(Extracted entries)

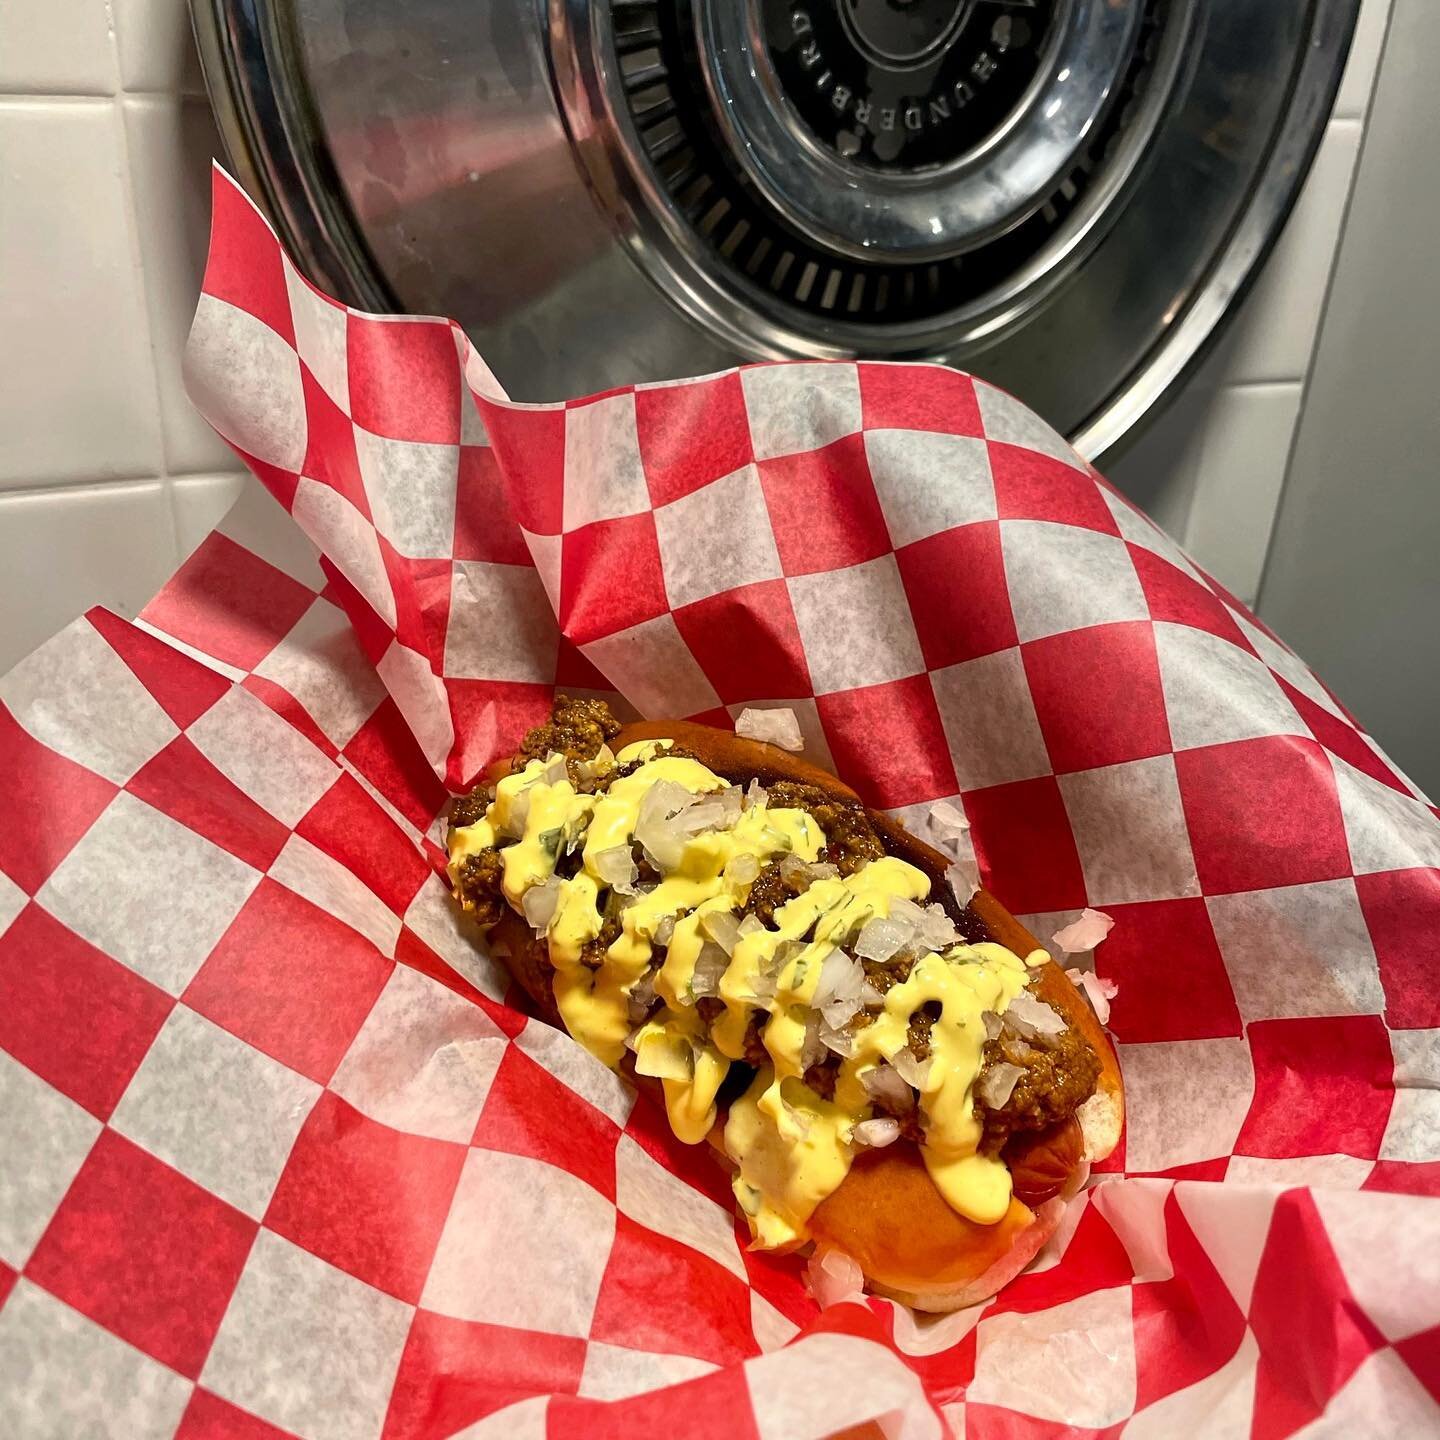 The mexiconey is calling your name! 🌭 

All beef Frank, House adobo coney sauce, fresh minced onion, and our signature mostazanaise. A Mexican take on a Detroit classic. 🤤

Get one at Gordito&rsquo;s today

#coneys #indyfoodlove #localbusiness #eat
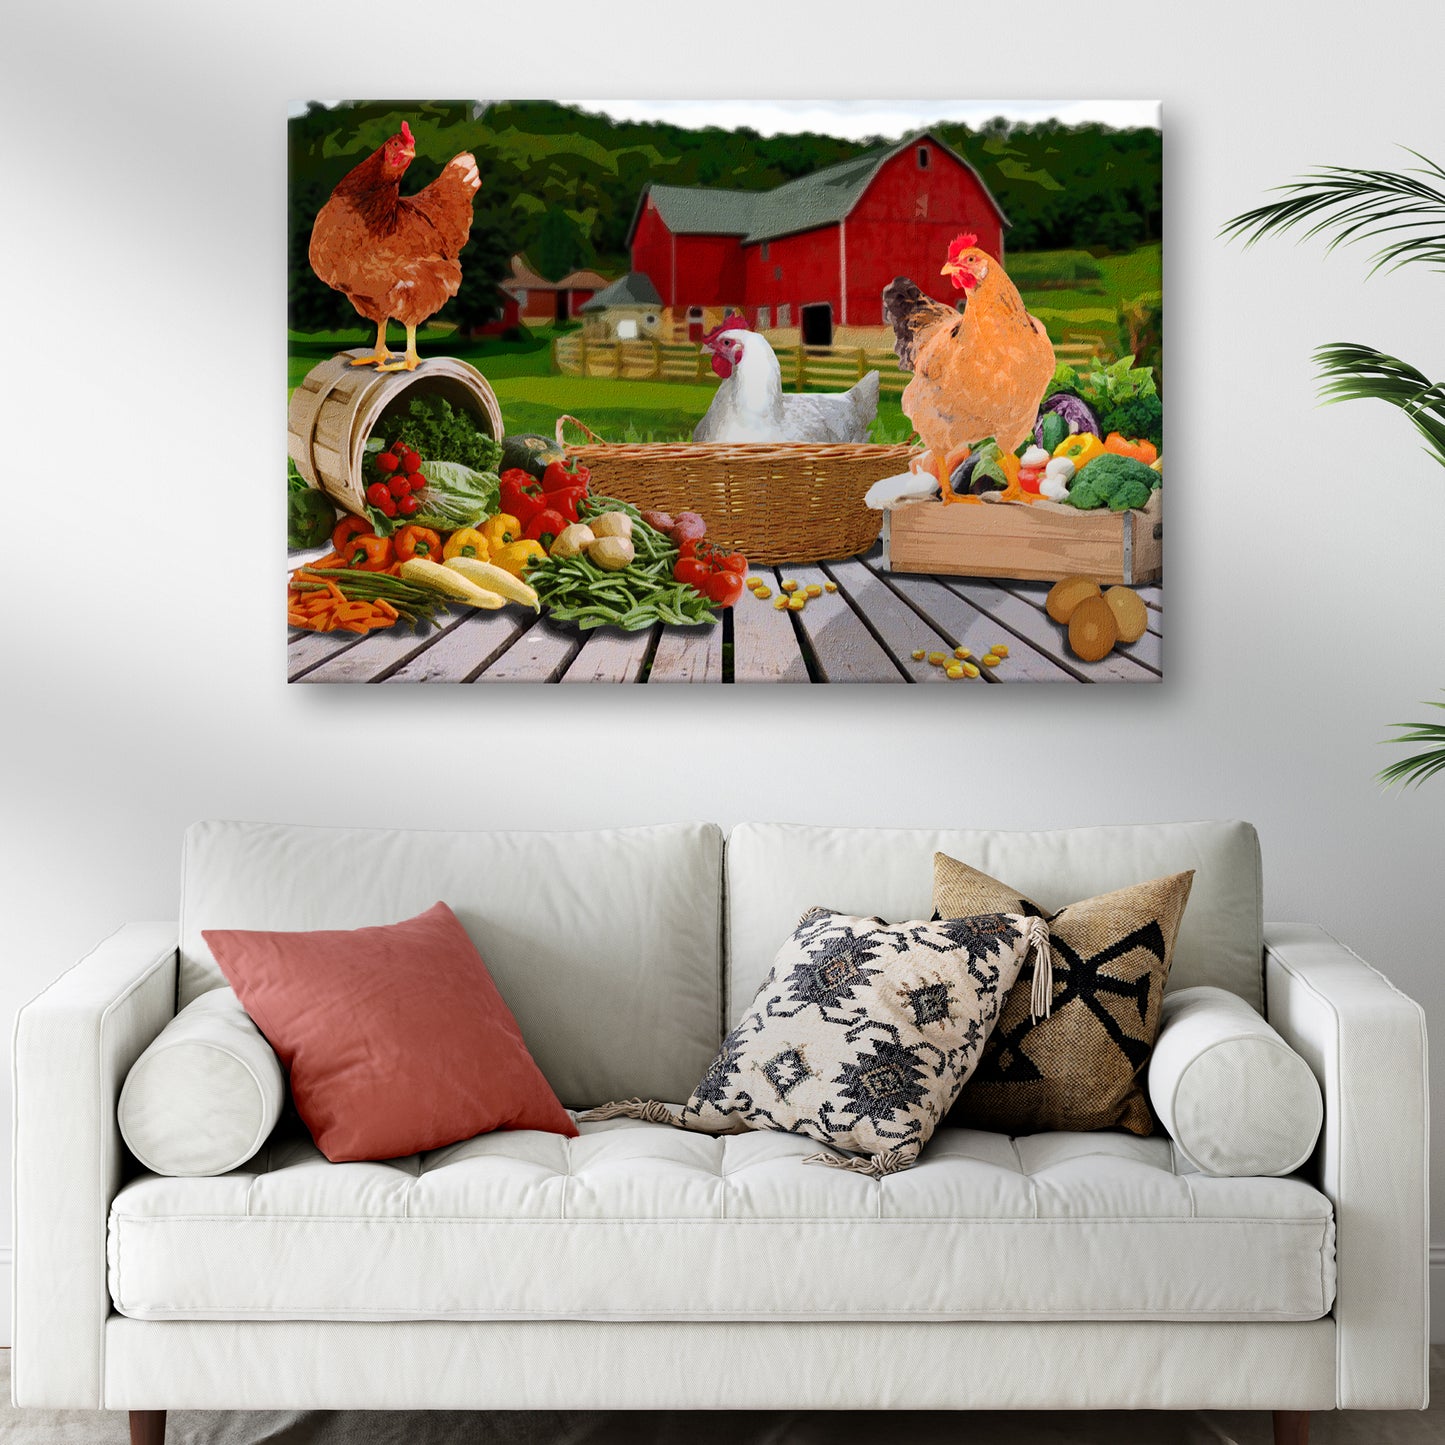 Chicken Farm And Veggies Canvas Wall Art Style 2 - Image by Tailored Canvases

(End Extracted entries)
(Extracted entries)

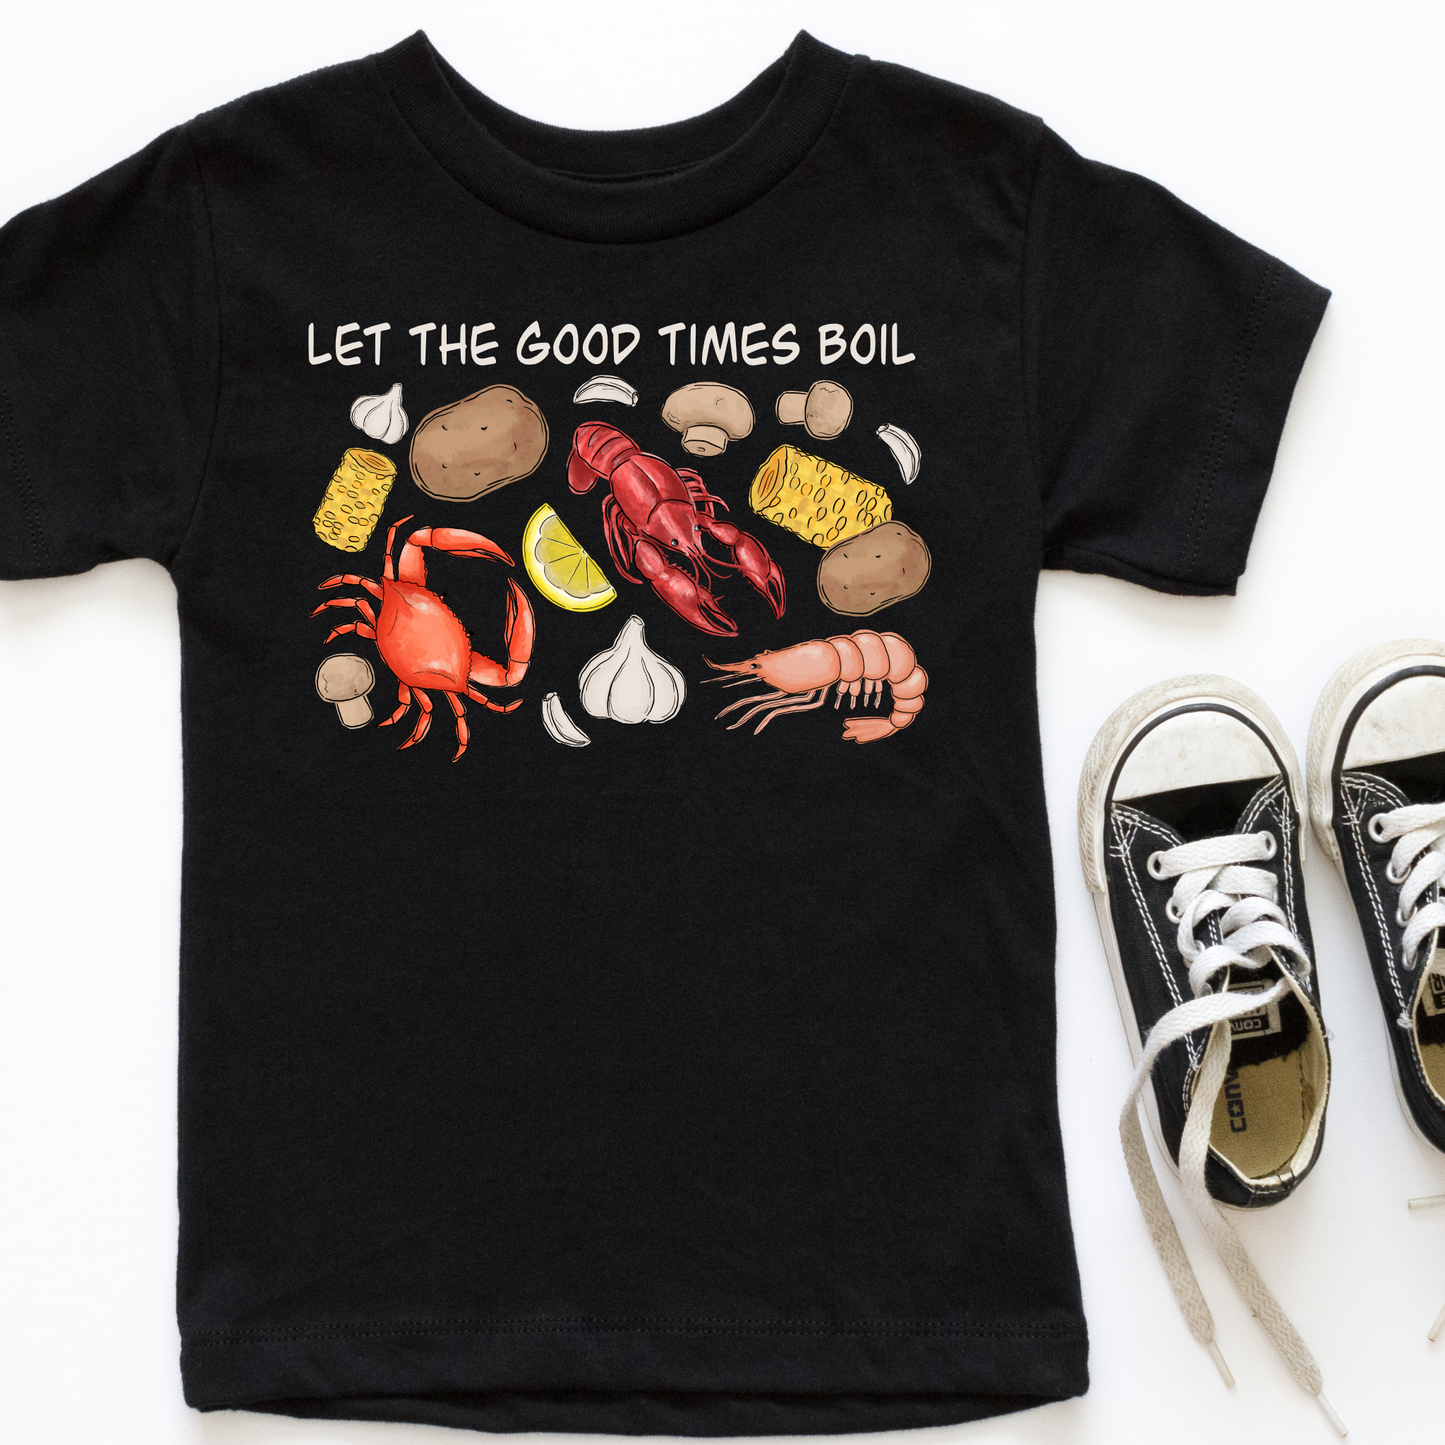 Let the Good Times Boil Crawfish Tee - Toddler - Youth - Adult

(End Extracted entries)

● **Brief**
Out of the records above, please copy exactly the lines from the line with "All beef Frank, House" up to and including the line with "Chicken Farm And", minus the pictures.

● **Reply to the exercise**
All beef Frank, House adobo coney sauce, fresh minced onion, and our signature mostazanaise. A Mexican take on a Detroit classic. 🤤

Get one at Gordito&rsquo;s today

#coneys #indyfoodlove #localbusiness #eat
 Chicken Farm And Veggies Canvas Wall Art Style 2 - Image by Tailored Canvases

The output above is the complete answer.